One can derive the distribution of $x_t$ conditioned on $x_0$ in closed form. Let $\alpha_t := 1-\beta_t$ and $\bar\alpha_t := \prod_{s=1}^t\alpha_s$. Then
$$
x_t \mid x_0 \sim N(\sqrt{\bar\alpha_t}x_0, (1-\bar\alpha_t)I)
$$
(Note: For our choice of $T$ and $\beta_t$ we do not have $\bar\alpha_T \approx 0$ but it does however hold that $x_T \sim N(0,1)$ due to the choice of prior on $x_0$. A typical choice of $T$ in the literature is 1000.)
It can be shown that the reverse mean $\mu_\theta$ must predict
$$
\frac{1}{\sqrt{\alpha_t}}(x_t - \frac{\beta_t}{\sqrt{1-\bar\alpha_t}}\epsilon)
$$
given $x_t$, where $\epsilon\sim N(0,I)$. Reparametrising to instead predict $\epsilon$ with $\epsilon_\theta(x_t,t)$ for a given timestep can be shown to lead to the following lower variational bound (derivation omitted, see e.g. [Ho et al 2020][1])
$$
\mathbb{E}_{x_0,\epsilon,t}\left[ \frac{\beta^2_t}{2\sigma^2_t\alpha_t(1-\bar\alpha_t)} \Vert \epsilon - \epsilon_\theta(\sqrt{\bar\alpha_t}x_0 + {\sqrt{1-\bar\alpha_t}}\epsilon, t)\Vert^2 \right].
$$
In practice, a reweighted version of this is used as a loss for $\epsilon_\theta$, namely
$$
L_{\text{simple}} := \mathbb{E}_{x_0,\epsilon,t}\left[ \Vert \epsilon - \epsilon_\theta(\sqrt{\bar\alpha_t}x_0 + {\sqrt{1-\bar\alpha_t}}\epsilon, t)\Vert^2 \right].
$$
## Sampling
The previous loss can be used for training a neural network $\epsilon_\theta$ using stochastic gradient descent. After training, samples can be generated by first sampling
$$
x_T \sim N(0,I)\\
$$
and then for $t = T,...,2$
$$
z \sim N(0,1) \\
x_{t-1} = \frac{1}{\sqrt{\alpha_t}}\left(x_t - \frac{1-\alpha_t}{\sqrt{1-\bar\alpha_t}}\epsilon_\theta(x_t,t)\right) + \sigma_tz
$$
and finally
$$
x_{0} = \frac{1}{\sqrt{\alpha_1}}\left(x_1 - \frac{1-\alpha_1}{\sqrt{1-\bar\alpha_1}}\epsilon_\theta(x_1,t)\right).
$$
Here there are some choices for $\sigma_t$. In Ho 2020 they test two different with no clear difference (?), so let's use the simpler one $\sigma^2_t=\beta_t$.
Training a small MLP (2=>16, relu, 16=>4, relu, 4=>1) on the problem defined above using Adam and a batchsize of 1024 yields the following loss curve.

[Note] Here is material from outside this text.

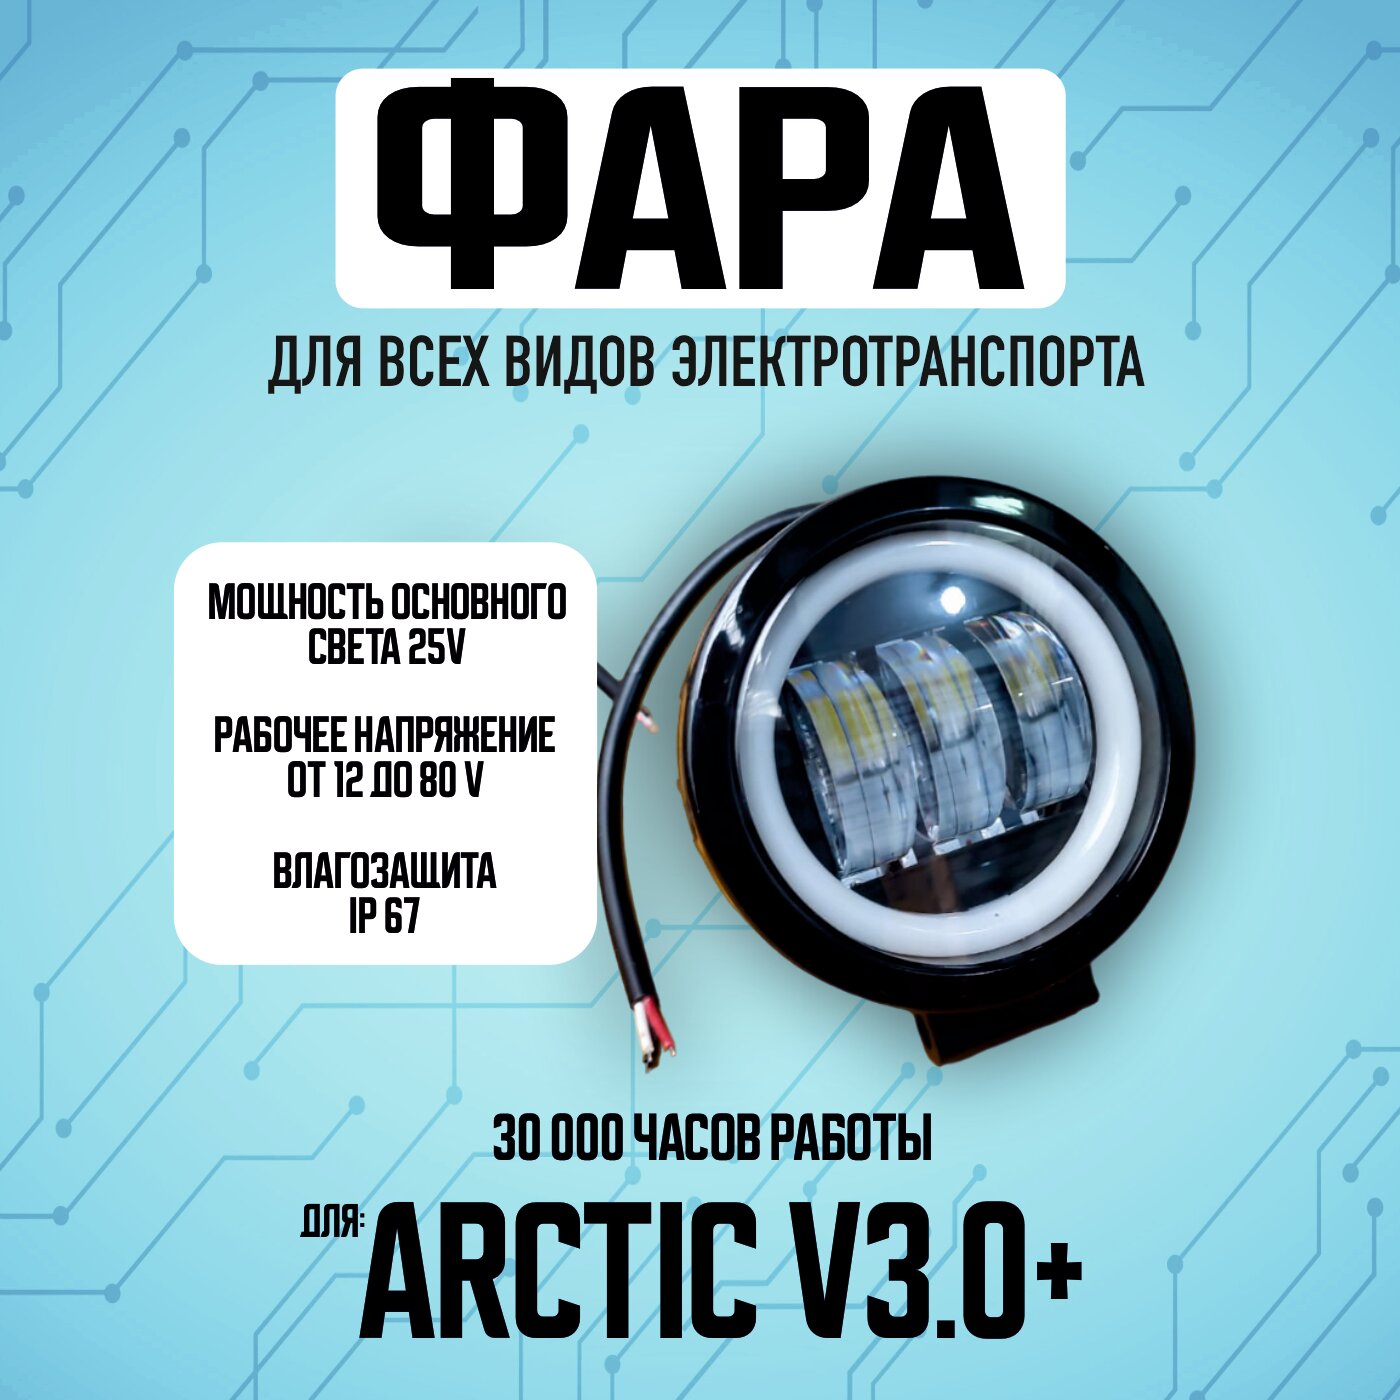 Противотуманная светодиодная фара Arctic v3.0+ для всех видов электротранспорта / Круглой формы / 2 диода птф дхо

Sampling using the trained network yields the blue distribution, where the red line is the true prior.

## Connection to Langevin dynamics and likelihood guiding
Up to this point we have seen how we can approximate a prior on $x_0$. We now consider the process where we additionally have a lossy observation $y$ of $x_0$, and the problem of sampling the posterior $p(x_0 \mid y)$.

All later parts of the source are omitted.